Challenges they observed across schools:

  • Educators’ concerns that increasing flexibility could decrease rigor
  • Desire to give students room to define their own paths to success without perpetuating historical “opportunity gaps”
  • Overreliance on traditional data (such as test scores or graduation rates), despite recognizing that these are insufficient to meaningfully track success

 Examples of innovations they observed schools introducing to ensure students were academically engaged and supported:

  • Shifts to interdisciplinary units and coursework. For example, in one school students were learning about marketing, social science, financial literacy and ratios in a multi-week course on the loan industry. One administrator said, “I think we can do a much better job of trapping kids in the honey of each content area. To be a writer is such a powerful thing. To be a scientist is such a powerful thing.”
  • AP courses and “Early College Experience” courses, which partner with local colleges and universities
  • Shift in grading towards “grading for equity” practices that focus on measuring what students know rather than how they behave
  • Moving toward using the classroom as a space of exploration of identity and student-driven learning. One school allowed students to build credit-bearing “personalized learning experiences,” essentially independent studies with an advisor
  • Individualized mentoring and counseling. For example, two schools used a “primary person” model, in which each student has one adult mentor who they check in with regularly 
  • Alternative approaches to discipline, such as “restorative circles,” which they defined as “conversations intended to repair relationships and find mutually-agreeable solutions, after a behavioral incident or conflict”
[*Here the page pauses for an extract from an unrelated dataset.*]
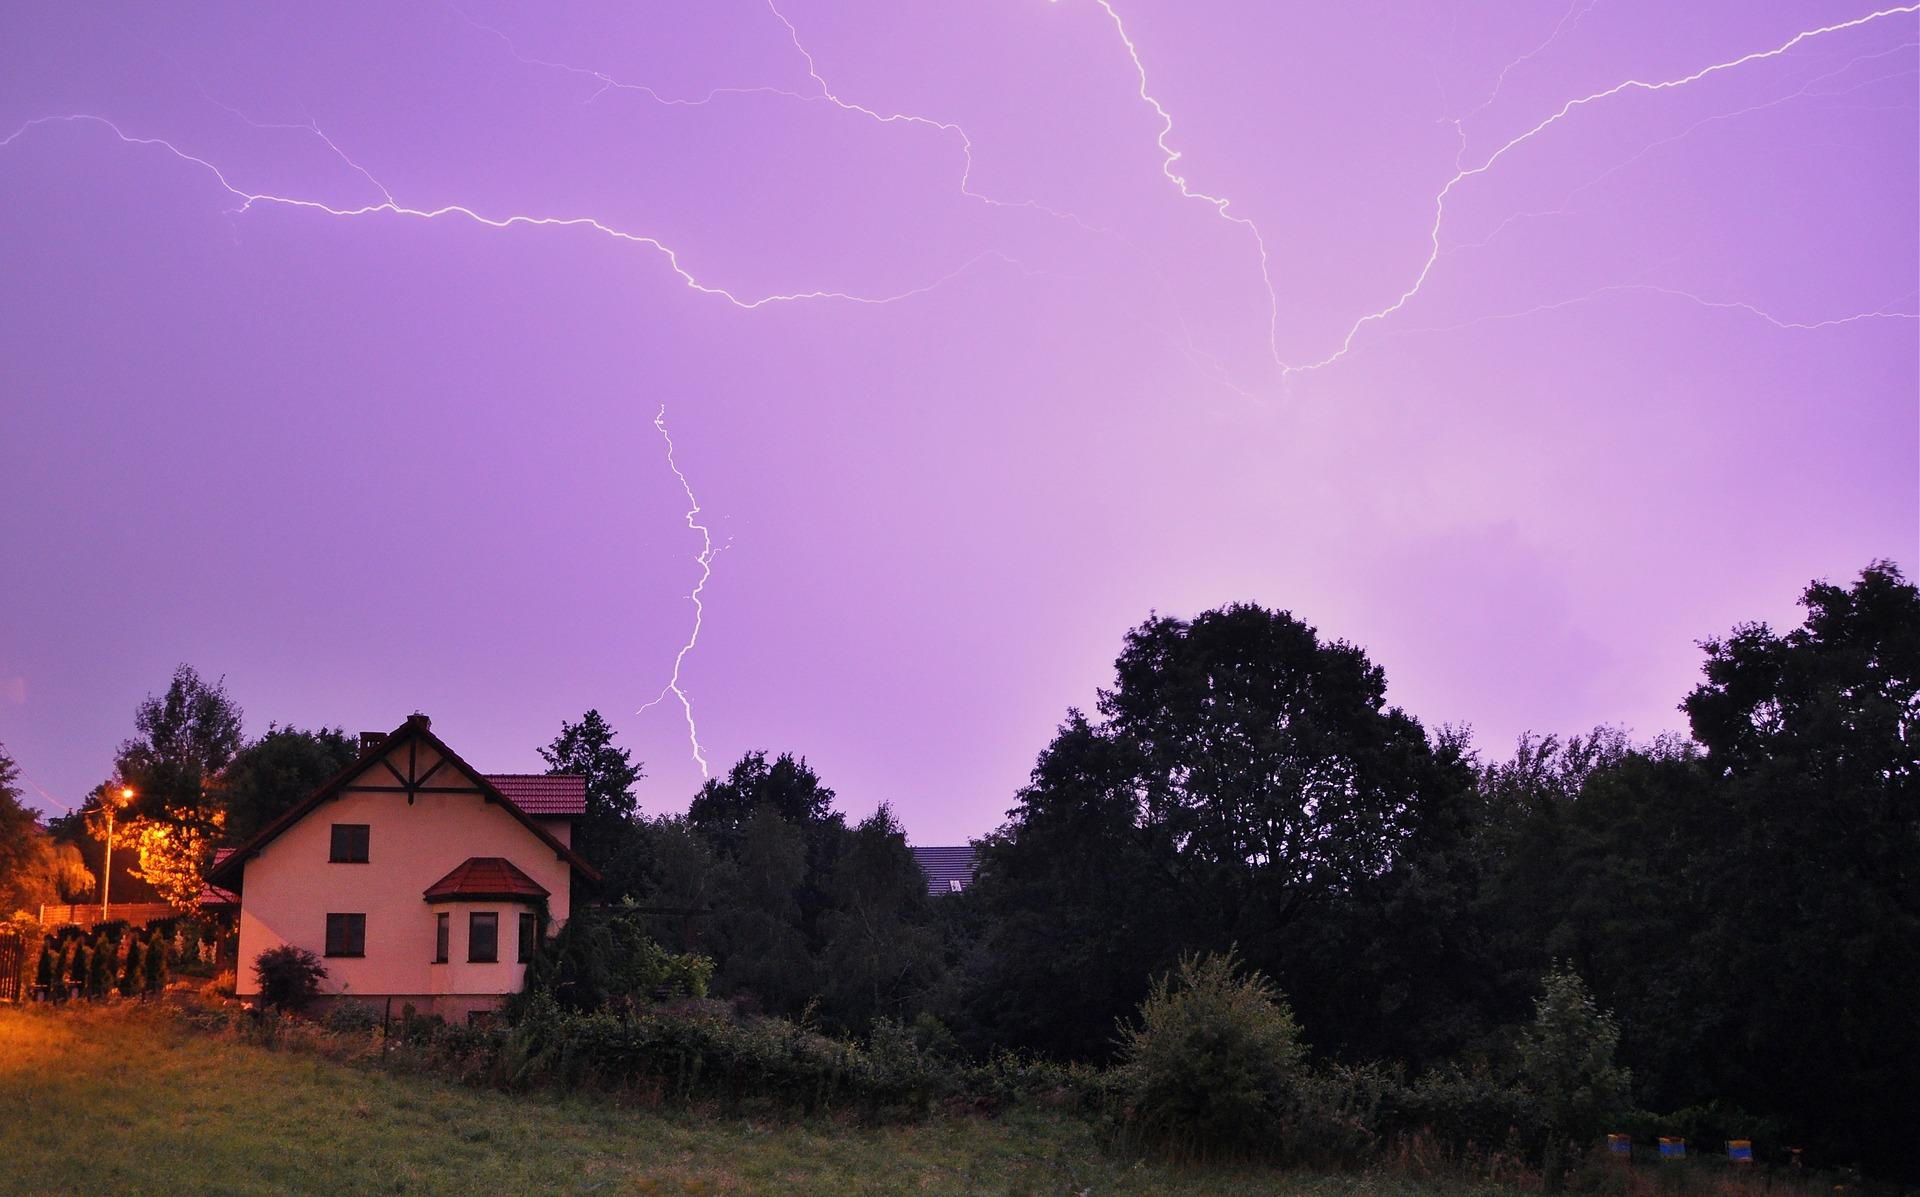 storm-2496251_1920.jpg

“We did feel ourselves really compelled to illustrate how many different actions— taken by different people at different levels of the system— are necessary to support high schools systemically to be the kinds of places that set students up for a life of their own choosing,” said Waite.

While most of the schools started this transformational work before 2020, the pandemic provided a unique opportunity to study high school reform, according to the researchers. These challenging few years “strengthened educators’ dedication to achieving new designs for high school,” while increasing their focus on race, racism and equity.

Waite and Sims noticed that educators and administrators across the board were reflecting on how to provide students with flexibility and support without compromising rigor and high expectations. As teachers welcomed students back from remote learning, they needed to prioritize creating a supportive environment to see young people through a disruptive, traumatizing period. But now they’re questioning what comes next.

In discussing leniency during the pandemic, one teacher said, “We didn’t teach coping mechanisms, we just protected [students].” Teacher turnover and burnout also made it hard to hold students accountable. At two of the schools studied, the teaching staff was so new that they didn’t know what the classrooms looked like before COVID hit.

As for “college for all,” the researchers found a number of reasons some students are moving away from that mindset, including financial stress and risk, burnout, high-stakes testing and applications, and an understanding that there are an increasing number of jobs that don’t require a college degree. Schools wanted to ensure that college doesn’t become a privilege for a select group of students, while also communicating that a wider variety of options exist. 

High schools alone cannot be held wholly responsible to address all of the challenges presented in the report, the researchers said. “Instead, what we really observed is the incredible power of bridge building between high schools and the higher education sector, as well as between high schools and local employers.”

Waite acknowledged the study’s limitations, noting that these six schools don’t necessarily represent the entire country or even the Northeast. “What we do believe is that the themes and ideas and challenges that came through in the research … are really widespread and challenging issues that feel relevant to many different kinds of high schools.”